For me, I personally think; the best way to thank Allah swt is to serve humanity, especially those who have less than us. Studies reveal that when we choose to redirect our attention to the positive, and helping others, our serotonin levels increase making us more content and happy. Serving others is uplifting and rewarding. It helps us gain a better perspective on life’s challenges, making us realise how very often, our problems seem so small compared to the overwhelming difficulties others face.

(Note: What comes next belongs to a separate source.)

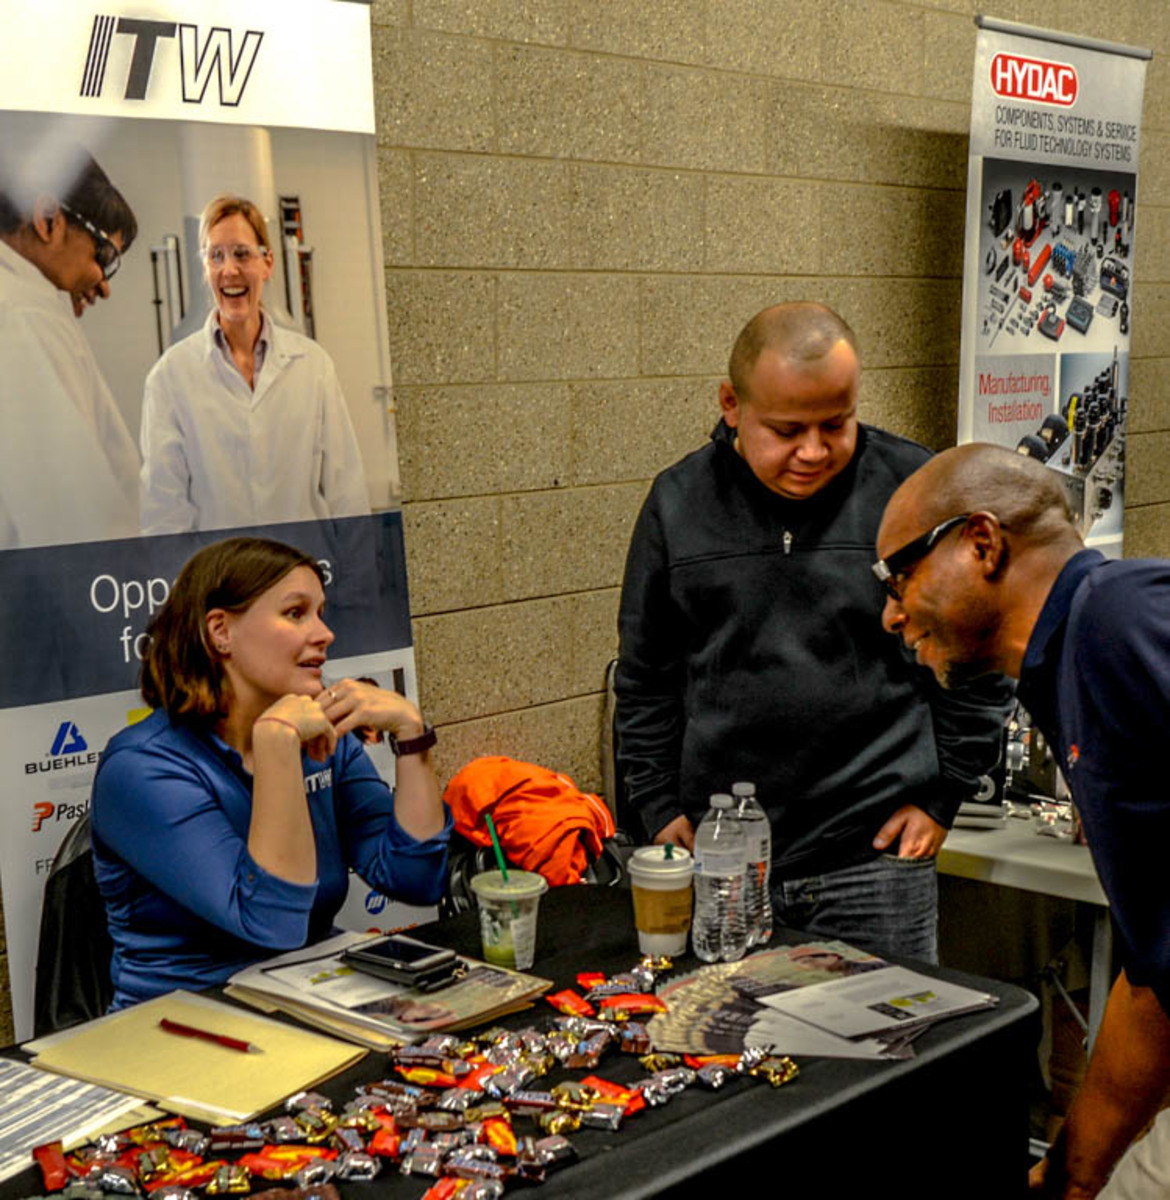 The Shakeproof Division of ITW (Illinois Tool Works) discusses job possibilities with visitors to the Job and Career Fair in Building O on Oct. 25.

This is shown in many stories of the Prophet’s life where even when the Muslims were a small, poor and persecuted community, they used to give to the poor even more. They understood that when you are generous when you have less, you achieve the perspective of a winner. You are focused on the bigger picture.

More importantly, we know how we're all playing crucial and irreplaceable part in a bigger story, right? Yes, there are other walking wounds who struggle on their own journey to recovery and my story of pain and hope is something they can draw strength from so they won't give up on themselves especially when they can't "snap out of it' despite all the painful effort they've exerted. I have made it this far. There will be bumps on the road ahead and I may end up wounded again but I have to keep my head up and fight. Fight for the other walking wounds who are yet to hear my not so bold, not so bright and not so beautiful story.

Something I read recently triggered my thoughts, it explained that our heart also has seasons, so if it is winter, do not lose hope and keep going, after all spring always comes.

Tomorrow, September 10th is World Suicide Prevention Day. Choose to stick around. Hang on tight.